Contempler ton azur ô mer équatoriale !
brûler la politesse à cette soi-disant civilisation dont... à laquelle... la guerre du Droit et tout le sacro-saint fourbi ! Filer, oublier et renaître !
D'autres qu'il admirait avaient eu ce courage. Du jour au lendemain, ils avaient rompu leur ban d'infamie, brisé l'amarre qui les enchaînait à un présent, à un passé, à un avenir également ignobles. Libres, ils avaient couru toute leur chance. Mais lui... " Mais moi ? Est-ce qu'on file ? Java est loin ! " Il ne filerait jamais que jusqu'à sa petite villa, au bord de la mer, et toute la journée il chasserait, pêcherait des coquillages, bouquinerait, si l'envie lui en revenait. Il se baignerait dans une solitude, mais pour combien de temps encore, inviolée ? La mer serait tiède...
Homme libre, toujours, tu chériras la mer... (Louis Guilloux, Le sang noir, 1935)
Le ciel du cygne baudelairien paraìt être devenu une destination exotique, inaccessible pour Cripure, petit professeur de philosophie.

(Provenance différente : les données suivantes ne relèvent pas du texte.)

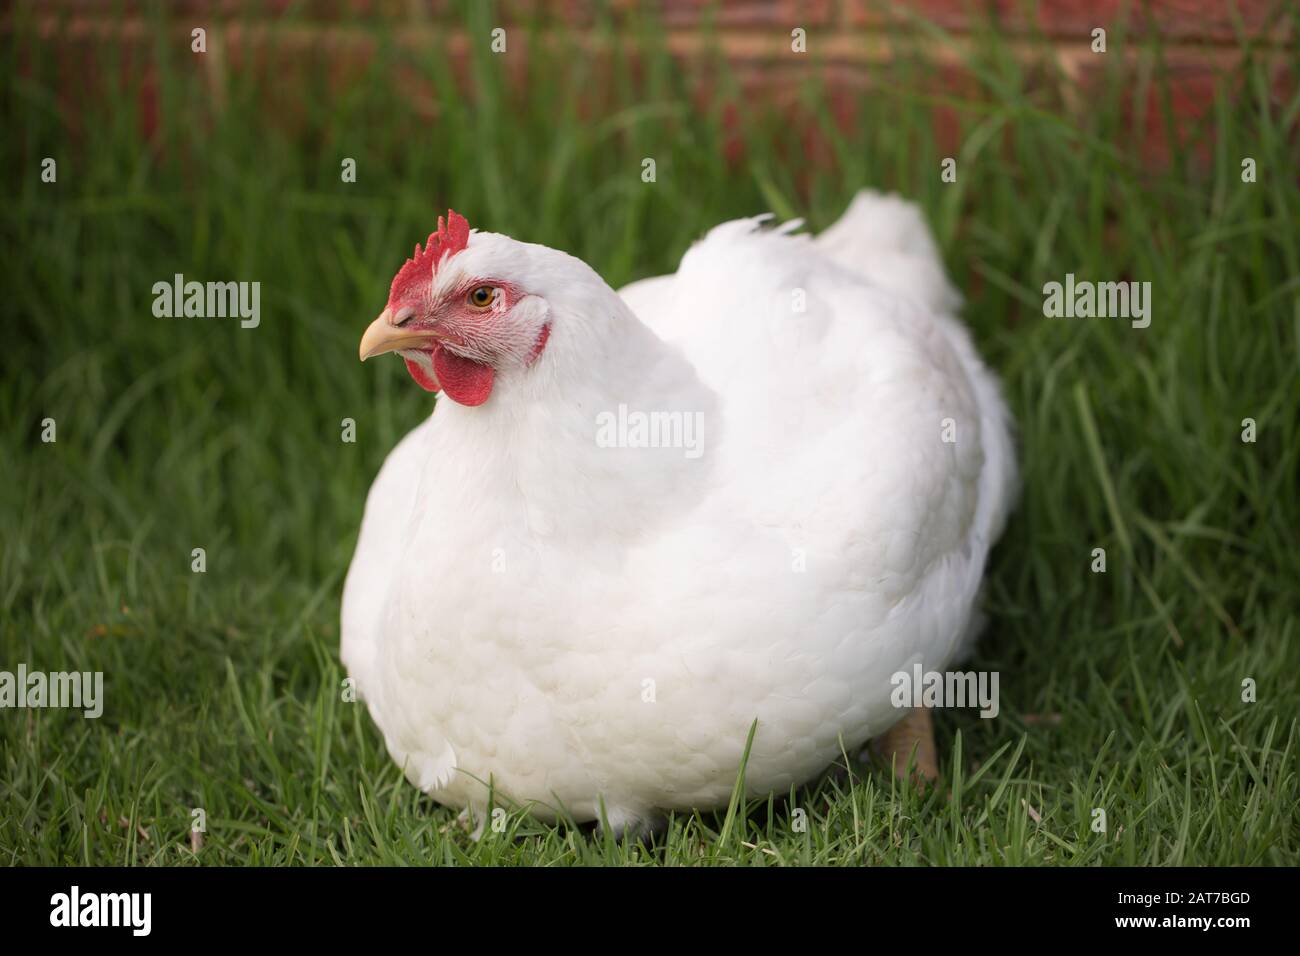 Ritratto di pollo bianco da carne (gallus gallus domesticus) a corpo pieno guardando la macchina fotografica, pollo libero di gamma su allevamento di pollo Foto Stock
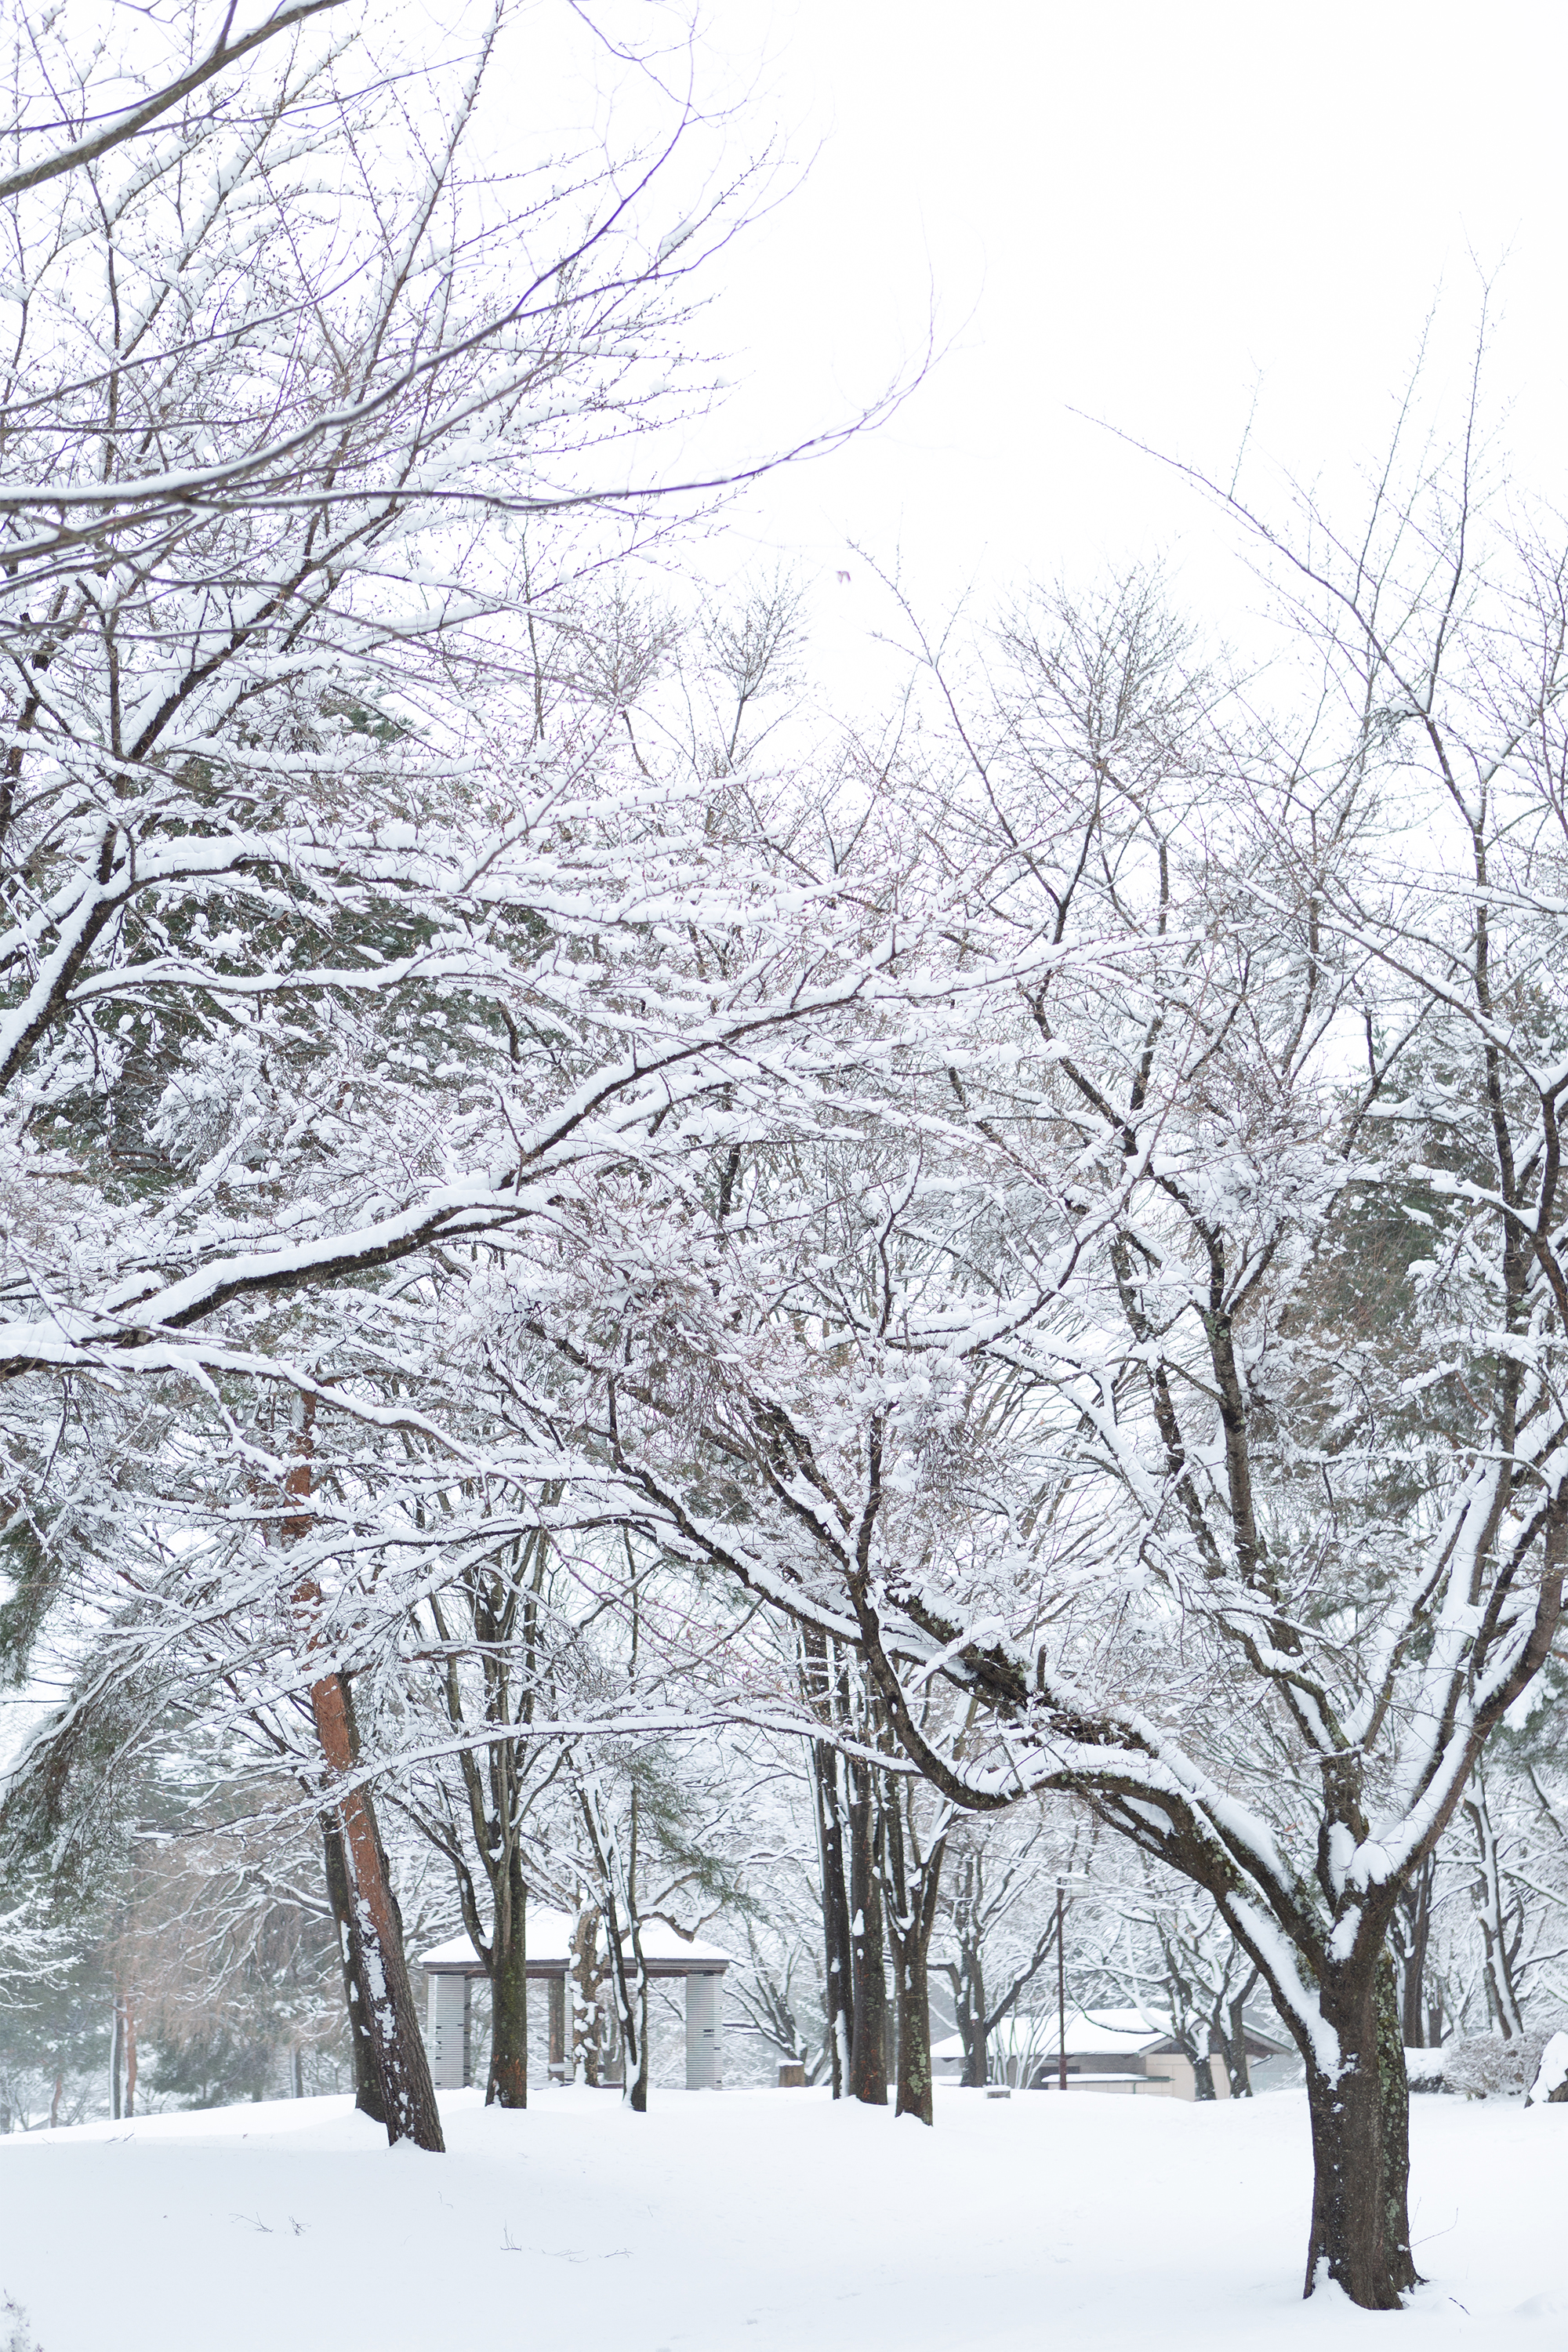 冬の風景 木に積もった雪 無料の高画質フリー写真素材 イメージズラボ

En fait la réalité absolue des Idées, c'est en fonctionnaire que Cripure y a accès, une fois par an, à l'occasion du bac :
" Il écrivait à l'avance à la patronne pour qu'on lui retînt une chambre et passait là trois ou quatre jours dans la compagnie des filles qui, elles au moins, avaient, n'est-ce pas, sur les autres femmes et en général sur l'humanité soit-disant civilisée un avantage primordial : celui d'être absolument vraies (...) C'était pour lui comme une sorte de Java à portée de la main."
Que sont devenues les Idées ! On ne les trouve même pas dans les grandes idées de l'époque, toutes mystificatrices, toutes justificatrices de massacres.
Et ce n'est donc pas le cours de philo qui les apporte aux futurs bacheliers, "ces petits messieurs, pauvres gosses volés, dupés scandaleusement."
Non, elles se trouvent plutôt dans un avatar inattendu : la chair des filles, précieuse non pour le plaisir qu'elle donne ("Il couchait peu avec elles"), mais pour exhiber le fond sordide et sinistrement réel du monde.

Commentaires

1. Le samedi 17 septembre 2016, 19:06 par angela Cleps
Au moins Cripure n'avait pas besoin de séduire ses étudiantes, comme l'image courante du prof de philo au cinéma le laisse croire ( Bruno Kremer dans je ne sais plus quel film avec Vanessa Paradis, Catherine Deneuve dans Les Voleurs, etc.)
2. Le samedi 17 septembre 2016, 20:14 par Arnaud
Noce blanche (me semble-t-il) de Jean Claude Brisseau, tout à fait oubliable...
3. Le samedi 17 septembre 2016, 20:39 par Elias
Sur l'image du prof de philo qui couche avec ses élèves on peut aussi citer Terminale de Francis Girod (sur un scénario de Gérard Miller).
4. Le samedi 17 septembre 2016, 20:54 par Arnaud
Sans oublier L'homme irrationnel de Woody Allen (2015), mais, à la suite de la coucherie, le film s'achève sur la tentative de meurtre de l'étudiante... Mais nous sommes loin de Guilloux.
5. Le dimanche 18 septembre 2016, 19:27 par Philalèthe
J'explique dans le post de ce dimanche pourquoi  il ne faut pas coucher avec ses élèves, pas plus qu'avec ses disciples.